À Port-au-Prince, la mort n’effraie pas, elle se célèbre. Samedi, les rues de la capitale haïtienne ont vibré au rythme des tambours, des chants et des couleurs violettes, symboles des esprits Gede. En plein chaos politique et social, des centaines de fidèles se sont rassemblés pour honorer leurs ancêtres lors du festival annuel du vodou, célébrant le jour des morts.
Une communion avec les esprits
Le cœur du rituel repose sur Gede, l’esprit espiègle et gardien du passage entre les vivants et les morts.
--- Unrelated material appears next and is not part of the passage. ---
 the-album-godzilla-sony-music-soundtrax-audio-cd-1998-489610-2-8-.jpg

Autour des tombes, les fidèles dansent, boivent du rhum, se couvrent de piments et versent du café noir sur la terre. Chaque geste porte une signification : attirer la protection des esprits, conjurer la malchance, ou encore manifester la gratitude envers les défunts. Les offrandes – plantains, poisson, pain, avocats – forment une table symbolique où les mondes visible et invisible se rencontrent.
Héritage africain et foi résistante
Né au XVIe siècle de la fusion entre le catholicisme imposé et les cultes africains, le vodou demeure aujourd’hui le cœur spirituel d’Haïti. Derrière les rituels colorés se cache une philosophie : celle d’un peuple qui, depuis l’esclavage, a fait de la foi un espace de résistance. Le vodou n’est pas seulement une religion, il est un langage de mémoire, un lien vivant entre les générations.
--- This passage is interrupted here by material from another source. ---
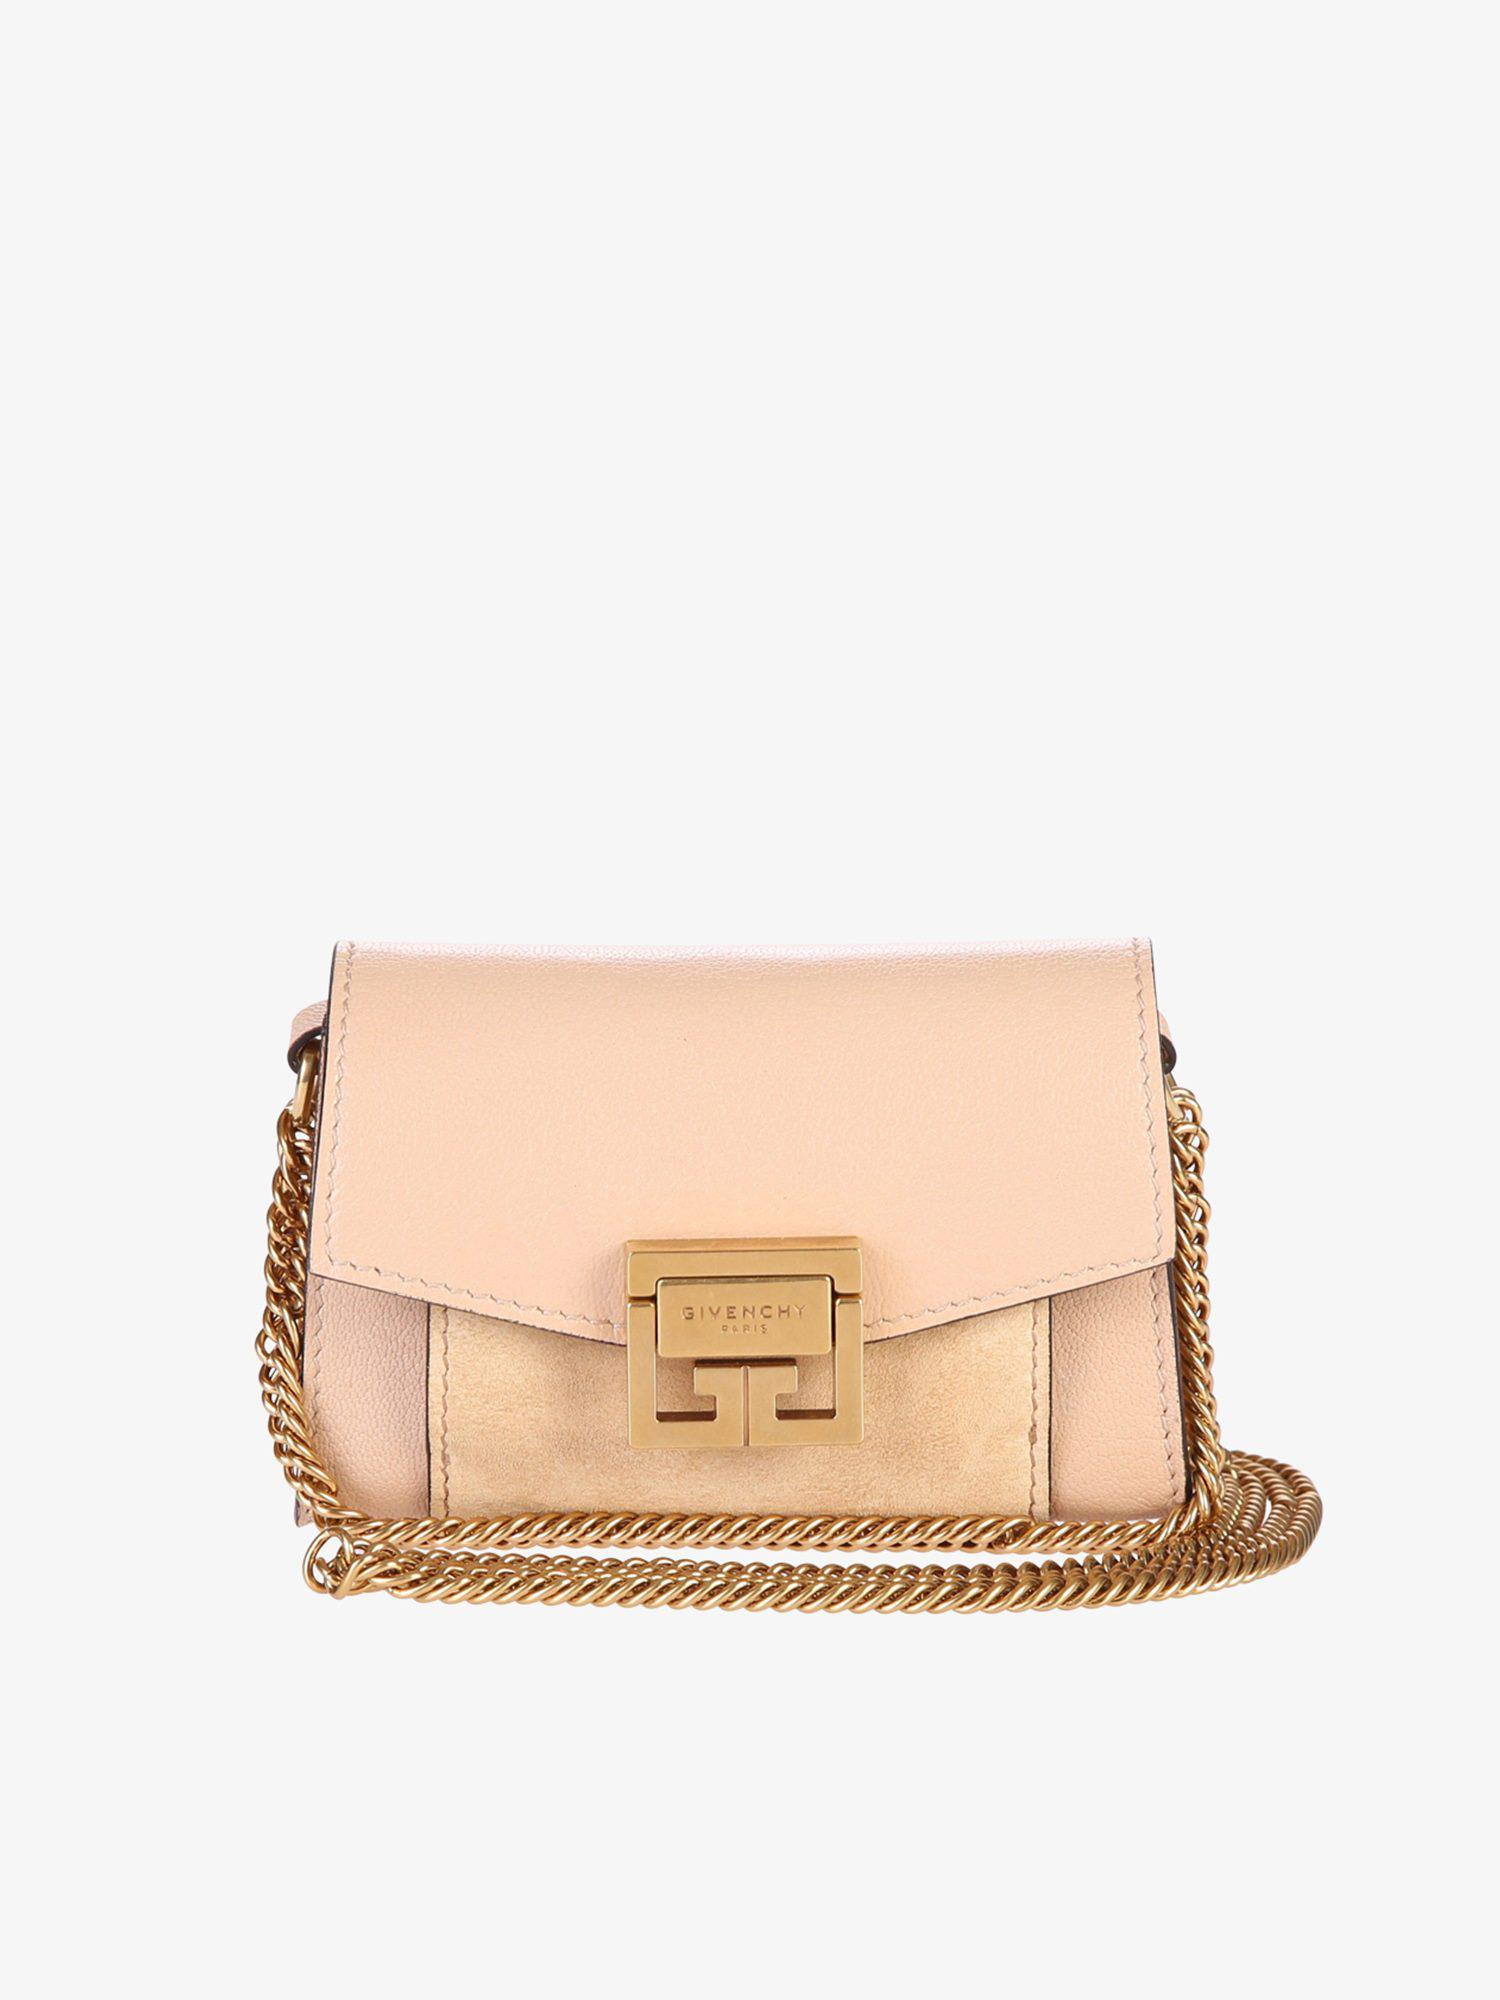 0a9fcf97a3eb Lyst - Givenchy Nano Gv3 Leather Bag

Une célébration face au désespoir
Mais cette année, la ferveur des fidèles s’élève dans un climat de terreur. Près de 90 % de Port-au-Prince est sous contrôle de gangs armés, laissant la population à la merci de la violence et du désespoir. Malgré tout, le festival du jour des morts a offert une parenthèse de fraternité, rappelant que, même dans la peur, la culture et la foi peuvent encore unir un peuple meurtri.
Dans la lumière tremblante des bougies et les effluves du rhum versé à terre, Haïti continue d’honorer ses morts – et de prouver que la vie, malgré tout, persiste.